In June 2015, the Office of Personnel Management (OPM) revealed that millions of personnel records had been hacked—a figure it first put at 4 million files but later revised to 21 million or more. Worse, the files included ample amounts of personal and otherwise private data whose exposure can be expected to have broad-ranging security consequences. What can we learn from this incident?
OPM Intrusion Due to Lack of Policies and Guidance
The OPM privacy breach may well have resulted from poor adherence to policies and guidance. In a November 2013 audit, the inspector general (IG) said about the OPM that “the material weakness related to information security governance has been upgraded to a significant deficiency.” But an IG report to Congress in March 2015 revealed that little had changed.
The reports confirm an old saying about data protection: Data protection isn’t necessarily about physical protection of data (intrusion detection systems, antivirus software, firewalls or the like) but rather about policy, guidance, procedures and—most important—leadership. Chalking the breach up to the Chinese or to hacktivists would be far too easy, a convenient way of forgetting that strict adherence to policy and procedure might well have prevented the entire affair.
OPM Computer Breach Didn't Have to Happen
We need new and ingenious ways of storing large amounts of data. Why should 21 million personnel records be stored in the same place? Why not distribute the data to servers in different locations, each server having its own security and protocols? The files in question were not cross-referenced, nor were they analyzed in any manner. Why store high-security files—these ones referenced only once every five years—all together?
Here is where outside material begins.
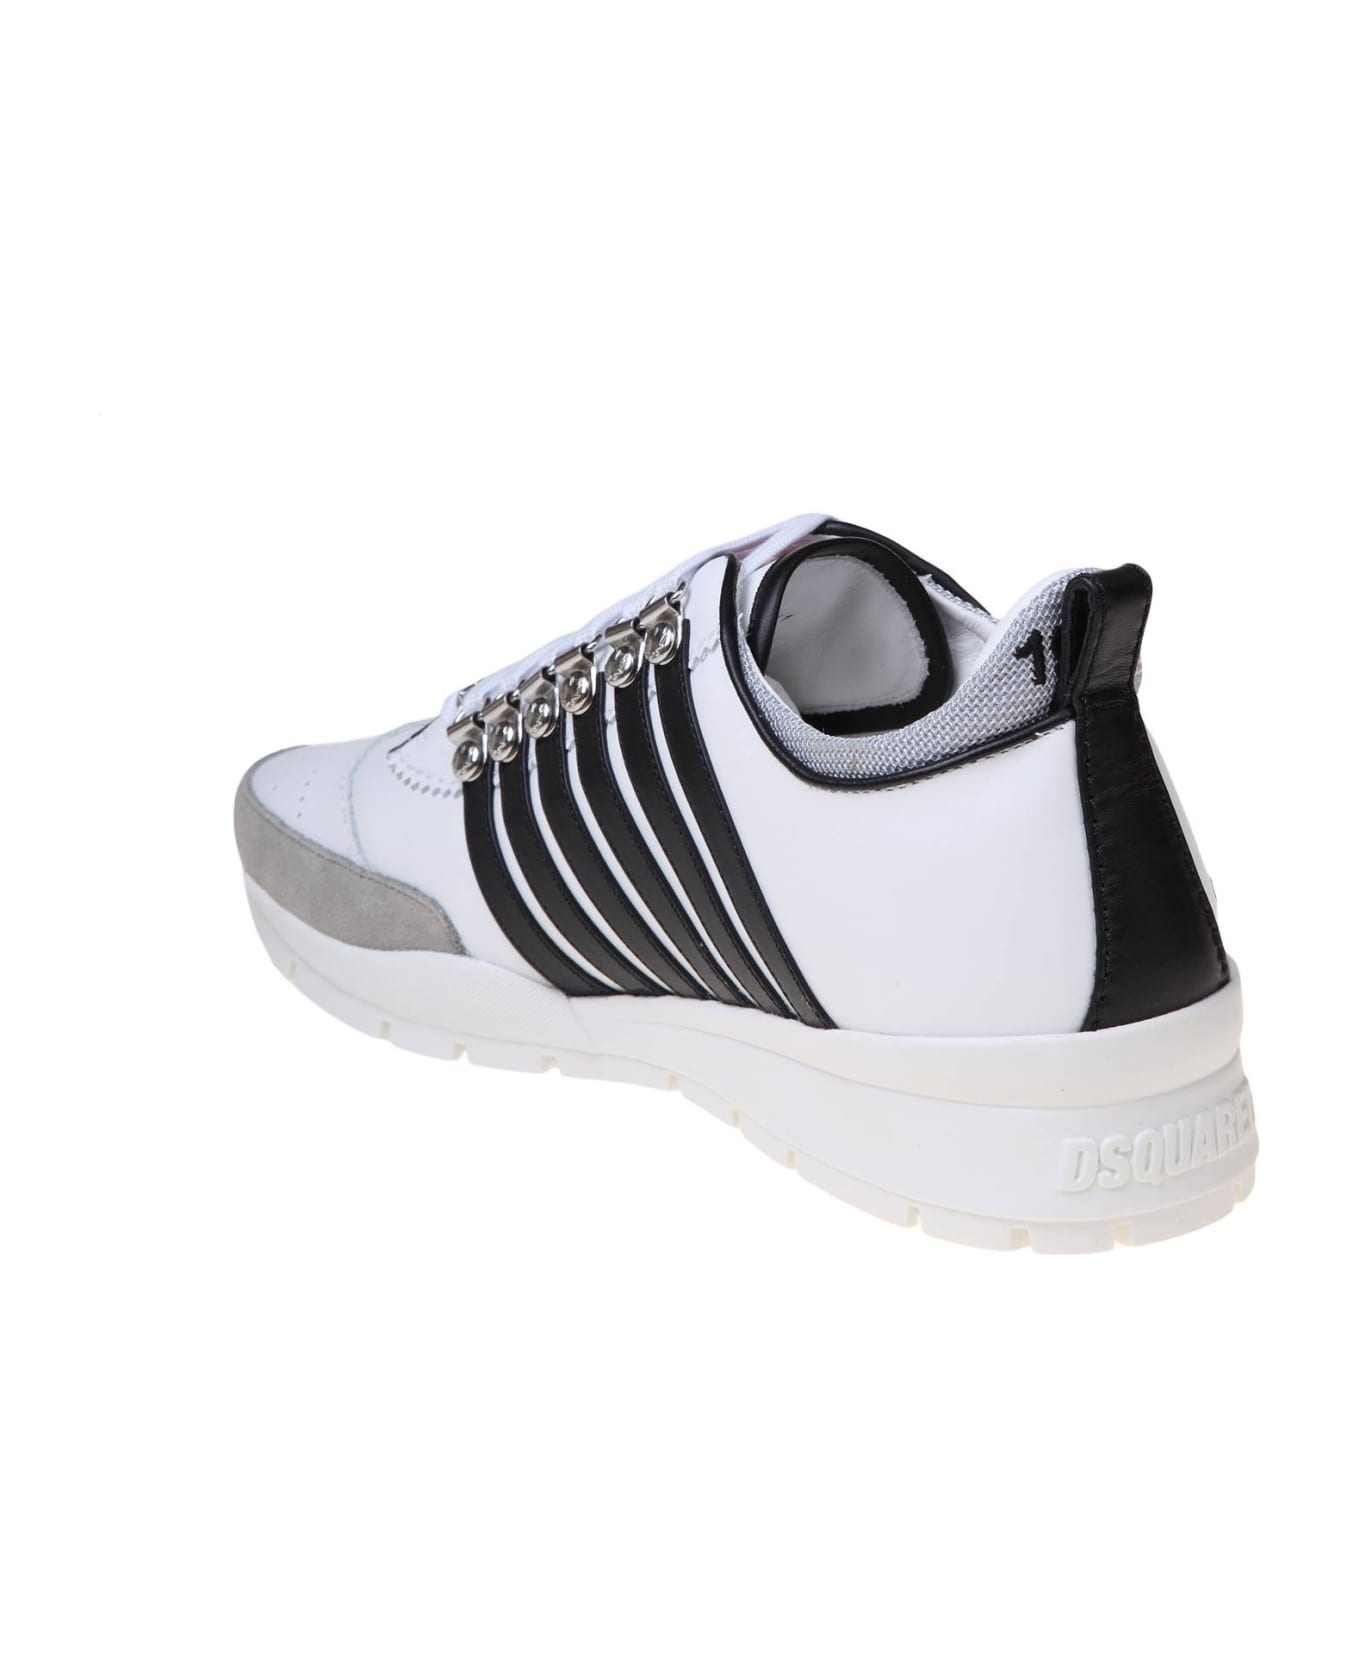 Dsquared2 Legendary Sneakers In Black And White Leather - white/black
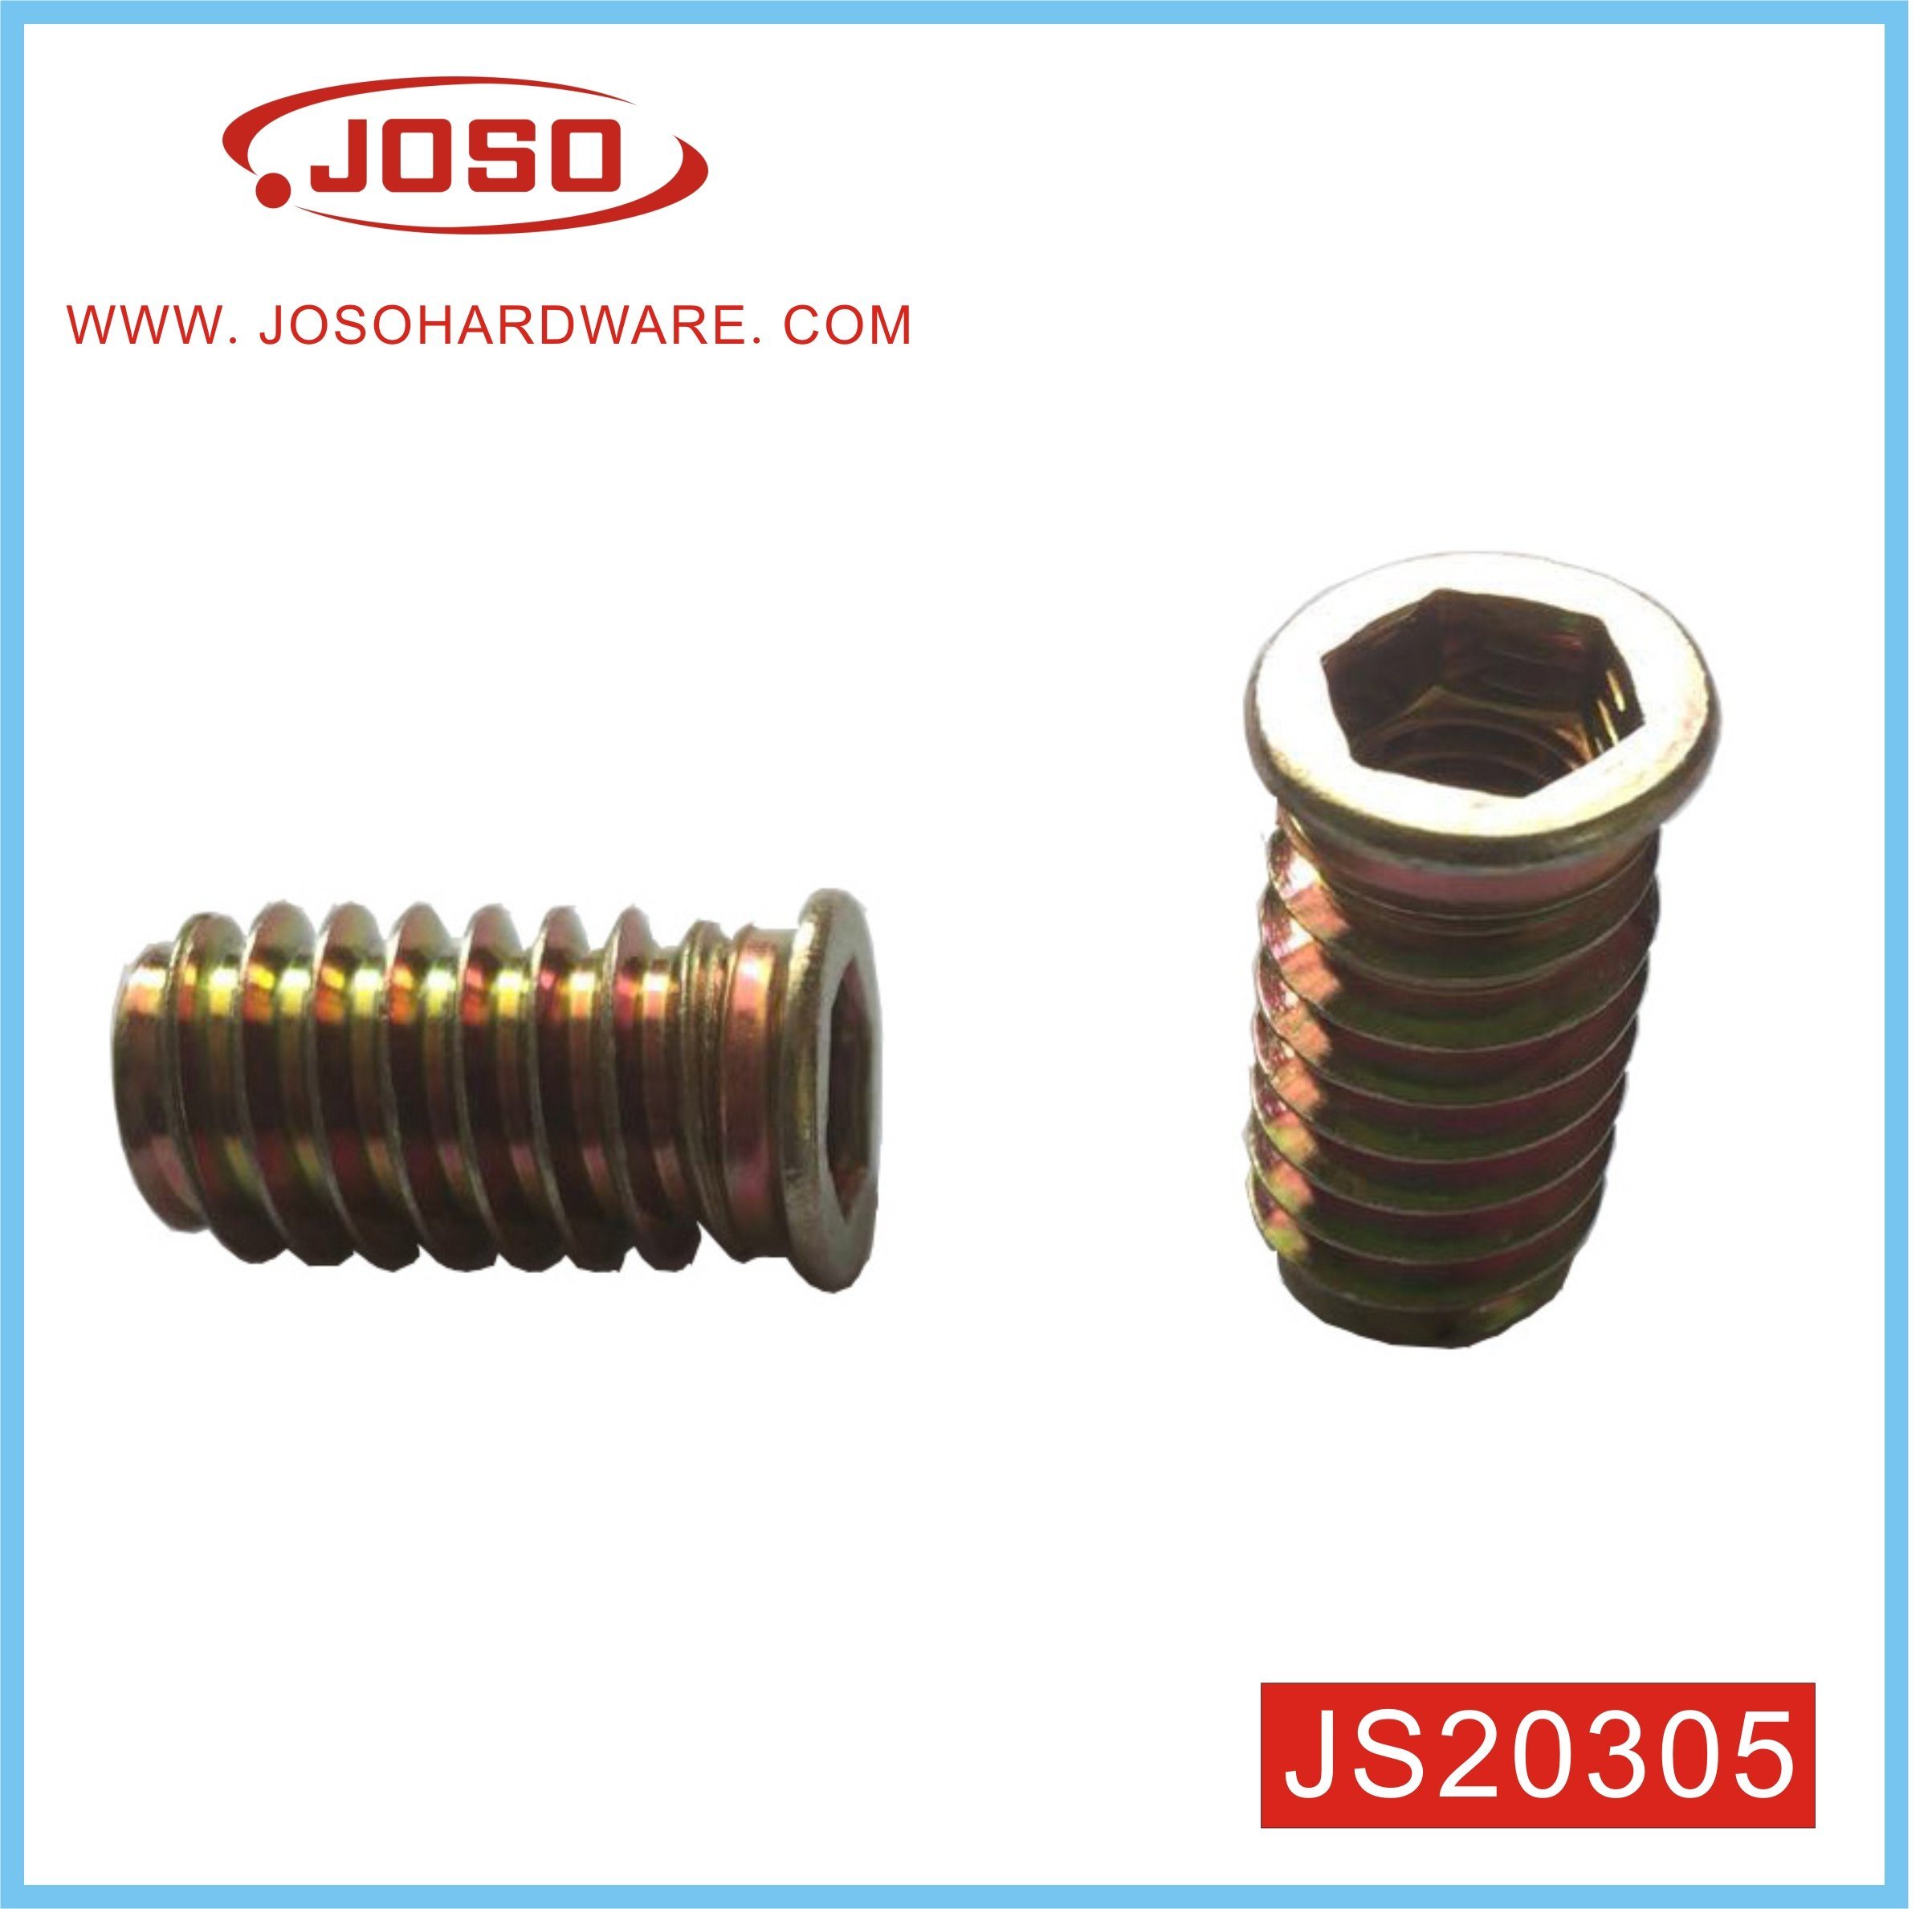 Hot Selling High Quality Metal Insert Nut for Wardrobe

The same concept helped insurers with Lloyd’s of London insure ships traveling to Asia centuries ago. Because each member in a group of insurers insured only a fraction of a ship’s cargo, no insurer would suffer a catastrophic loss if the ship were to sink. In much the same way, although the OPM breach was catastrophic, it didn’t have to be—only imagine the difference had the hackers accessed merely a fraction of the data instead of all of it.
Maintain Physical Security
Physical security cannot be ignored. Consider how the military uses a form of human two-factor authentication to secure nuclear weapons when they are being handled, diminishing the risk of an insider threat. For example, the military establishes “no lone zones,” zones in which individuals who are found by themselves may be apprehended using deadly force.
We don’t need to use deadly force to protect data, but we should learn from the concept of two-person control, and we should use it to prevent unauthorized access to large portions of data. In particular, access to 100 percent of stored data should be contingent on physical presence in an appropriately manned data center. Such a restriction might sound like overkill, but it’s just another form of insurance against a data breach such as OPM suffered.
Take Comprehensive Cyber Security Action
On the heels of the OPM data breach came yet another breach, this one of the Ashley Madison database. Of necessity, Ashley Madison’s business model was predicated on privacy and secrecy—yet its 32 million–person database was hacked. Perhaps internal procedures weren’t followed; perhaps data was centrally located. Data breaches such as these are wake-up calls to us all. Leaders everywhere must take action to secure sensitive data and prevent breaches.